Excise duty concession roll-back of 2 per cent was lower than the expected 4 per cent. In the 2-wheeler category there is steady demand growth. The revision of the tax slabs will lead to higher disposable income with the individuals. Hence, gradual withdrawal may not be an issue. But, I am not too sure about the 4-wheeler industry because last year’s high volume growth numbers create a high base. Competition is intensifying with many models getting introduced with committed production facilities in India.

Where do you think we are placed on the Metals cycle? Do you think the better part of the rally has been spent?
Metals’ prices are driven by global demand supply dynamics. China has been the major demand driver for e.g. its steel demand for consumption and restocking is at an all time high. China has been tightening liquidity. The global capacity utilization level is still at 70 per cent. So it’s a call that would have to be taken on how China would consume in the future and how fast the rest of the world recovers, which is a bit tricky at this point of time.
Raw material prices — iron ore and coking coal, have risen close to $115/ton over the past year. This cost push could be an issue if companies are not able to pass it on, putting a strain on the margins. I have betted on the resource players rather than the value added players and preferred diversified metal plays. By and large, I am a bit cautious on this sector.

What’s the reason for the poor response to IPOs? Earlier it was NTPC. The latest, Emmbi Polyarns Ltd and DB Realty Ltd (DBRL) also received a poor response.
With the improvement in sentiment, a lot of promoters are approaching the capital market, not just private sector but even the government. Investors have become choosy as shrinking liquidity is a constraint. They may prefer existing business models over those debuting, unless there is decent value on the table.

Do you believe that India will remain among the most sought after destinations for its strong fundamentals? How do you see FII flows this year?
India is uniquely placed for its demographics — the growing population under the working age group. This is what will sustain demand. Government’s focus of fiscal policies on inclusive growth through spending on rural infrastructure, employment guarantee programs, and health and education outlays as also infrastructure spending will ensure higher productivity. This will eventually put economic growth on to a higher trajectory of 9 per cent plus.

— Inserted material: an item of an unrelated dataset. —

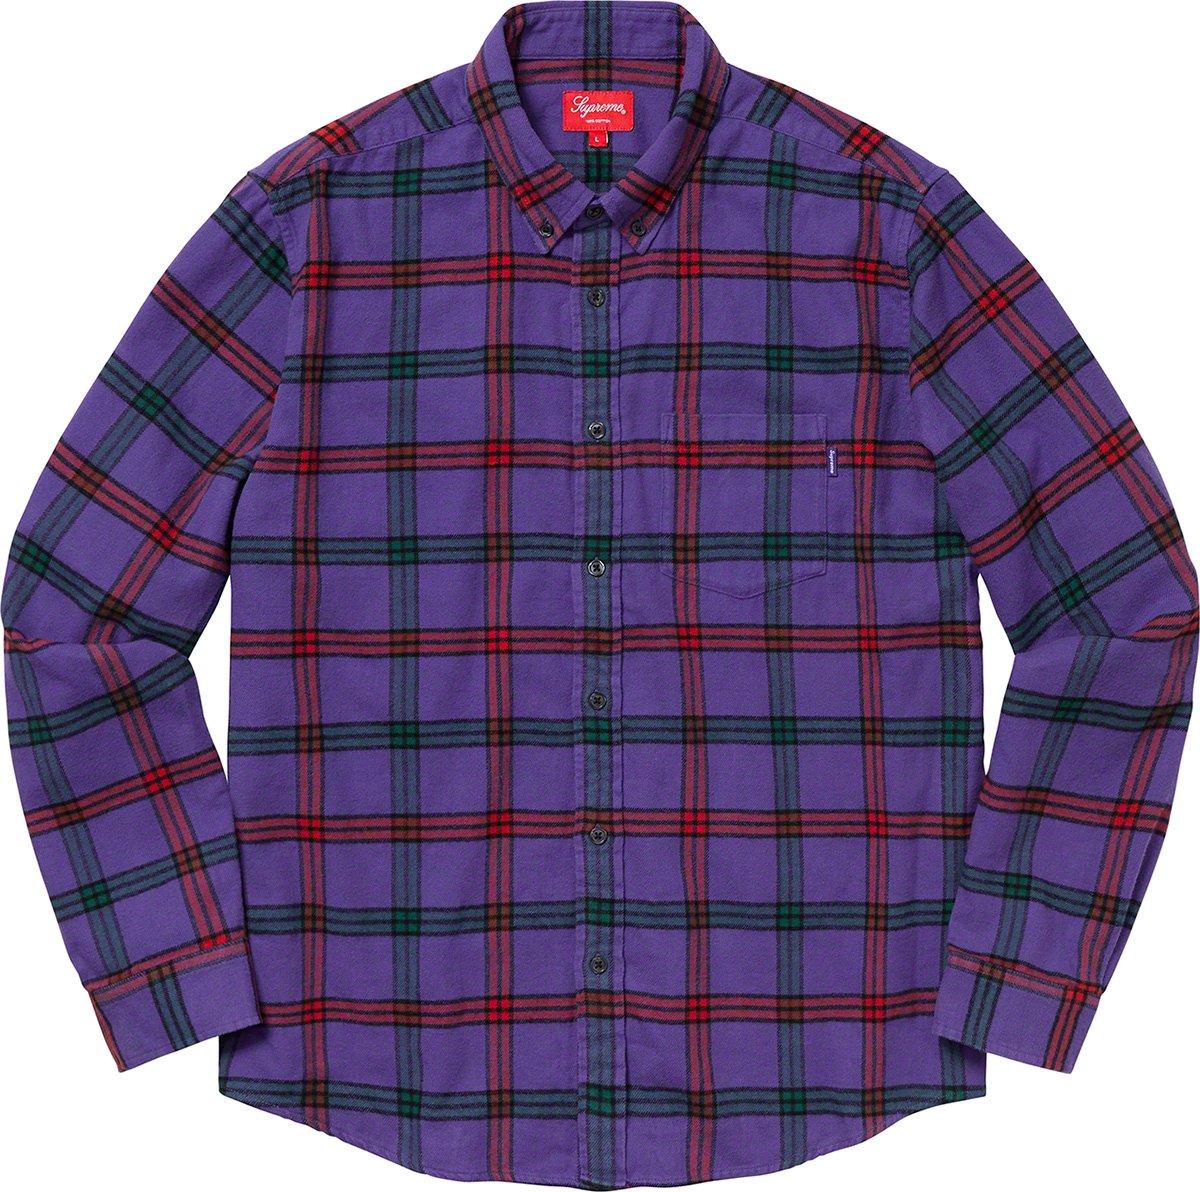 Tartan Flannel Shirt - fall winter 2019 - Supreme

These structural positives will definitely attract long term money in India, whether as part of portfolio flows or FDI flows.
In the short term though, markets will focus on the delivery of the proposed financial consolidation and the speed of economic recovery post stimulus withdrawal. The selling could be more from a tactical perspective depending on the market levels. I do not see that as a trend reversal unless there is some global or geo political shock. Portfolio flows may be a tad lower than what we received in 2009, because valuations have caught up and global tightening has commenced. Pick up in FDI may be witnessed due to planned 3G off take and possible policy reforms.

What are the major headwinds the economy is facing?
The current growth momentum is largely driven by government spending. A pick up in private spending is required to sustain the trend. As far as the long term view is concerned, I don’t have a doubt. But the road towards that big, long-term picture may have some hiccups. We need to create jobs for the working age group hence quick roll out of infrastructure projects is crucial. Dependence on private sector in infrastructure and other capital intensive sectors is increasing. To facilitate commitments on large investments from them we need faster clearances, a more conducive environment and policy reforms.

Do you view inflation as a threat?
I think the expectation of rising inflation already exists and the market has discounted it. If inflation moves much above the expected level, it will be a deterrent and can have a destabilizing effect on the economy. As long as demand is strong, some amount of inflation is good for the equity market. But if inflation goes above expectations and demand is weak, there would be an adverse impact on the economy and earnings growth.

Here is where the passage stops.